THE NAPPS STUDY WAS INITIATED BY THE PARTICIPATING INVESTIGATORS and
received support from ICN Pharmaceuticals, the company that markets and
distributes the medication (Mestinon is currently approved for the treatment
of myasthenia gravis). One hundred and twenty-six (126) patients participated
in the trial; 64 received pyridostigmine and 62 received a placebo. All
patients completed the double-blinded study, a study where both the patients
and the study personnel (investigators and evaluators) are unaware of
which patient received the pyrido-stigmine or the placebo. During the
six-month course of the study, 70.3 percent of patients on pyridostigmine
and 72.6 percent of patients on placebo had at least eighty percent (80%)
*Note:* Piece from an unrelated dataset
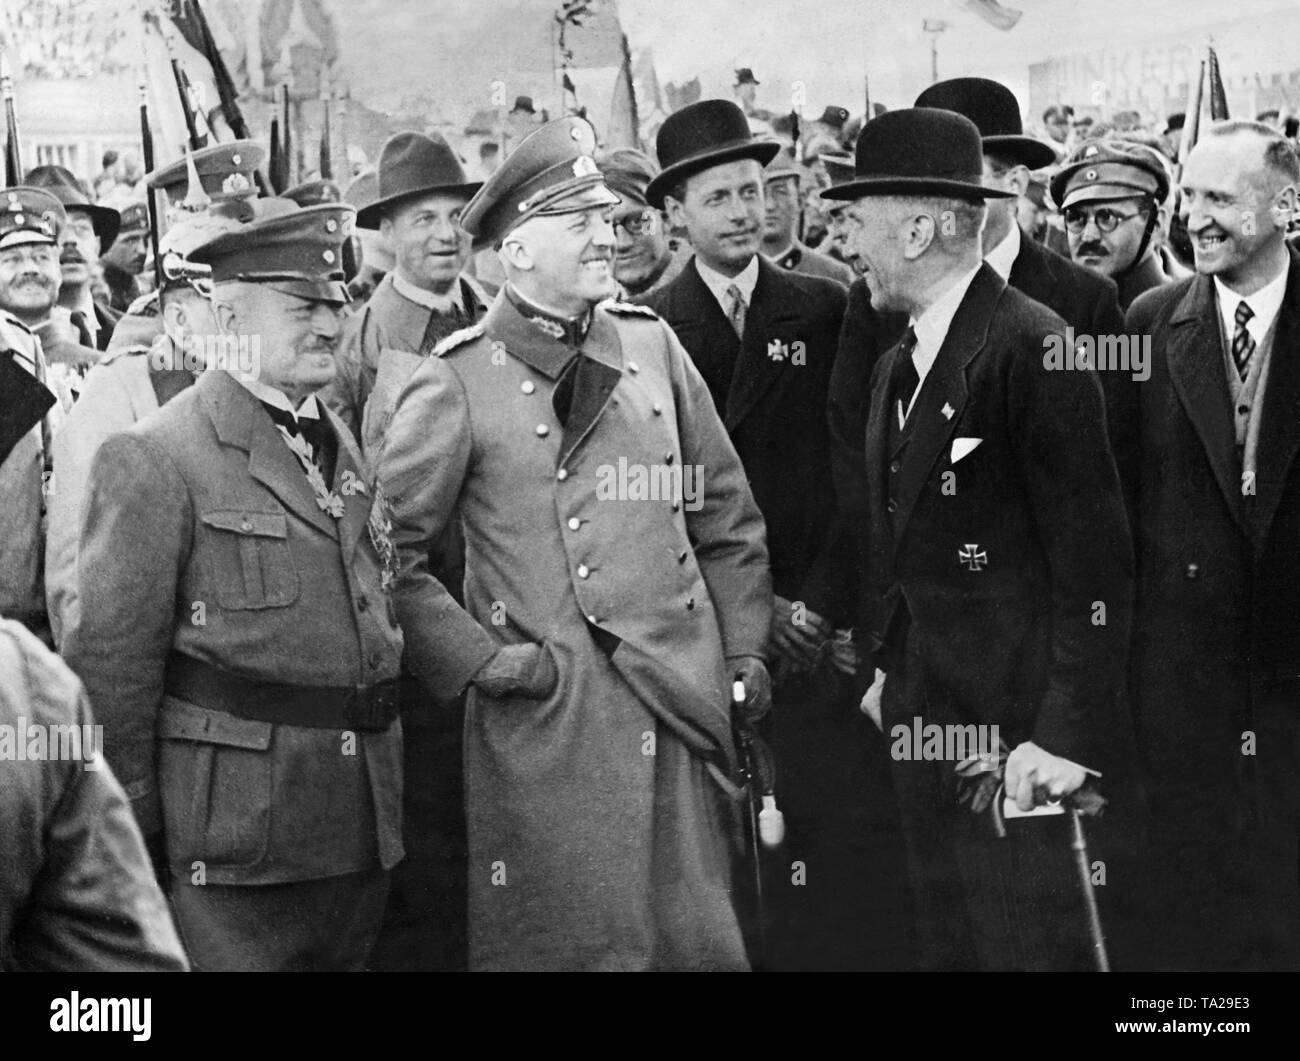 The image shows Chancellor Franz von Papen (right), who had to resign on 17 November 1932 and his successor General Kurt von Schleicher (left), who was Chancellor for a short period between December 2 1932 and 28 January 1933, on the racecourse in Berlin. Stock Photo

compliance with the medication.
IN THE MAIN DATA ANALYSIS, which included all patients in the trial,
the study did not show a difference between pyridostigmine and placebo
patients in terms of their health-related quality of life, fatigue (as
measured by two fatigue scales), and most measures of isometric muscle
strength. Similar results were noted for the subgroup of patients who
were assessed as being compliant with the use of the medication. However,
Dr. Trojan noted, there was a nonsignificant increase in strength in very
weak muscles (1% to 25% of predicted normal strength) in pyridostigmine-treated
patients of six (6) months of treatment. In general, the study medication
was well tolerated: four (4) severe adverse events were observed during
the trial, three (3) of which occurred in pyridostigmine-treated patients.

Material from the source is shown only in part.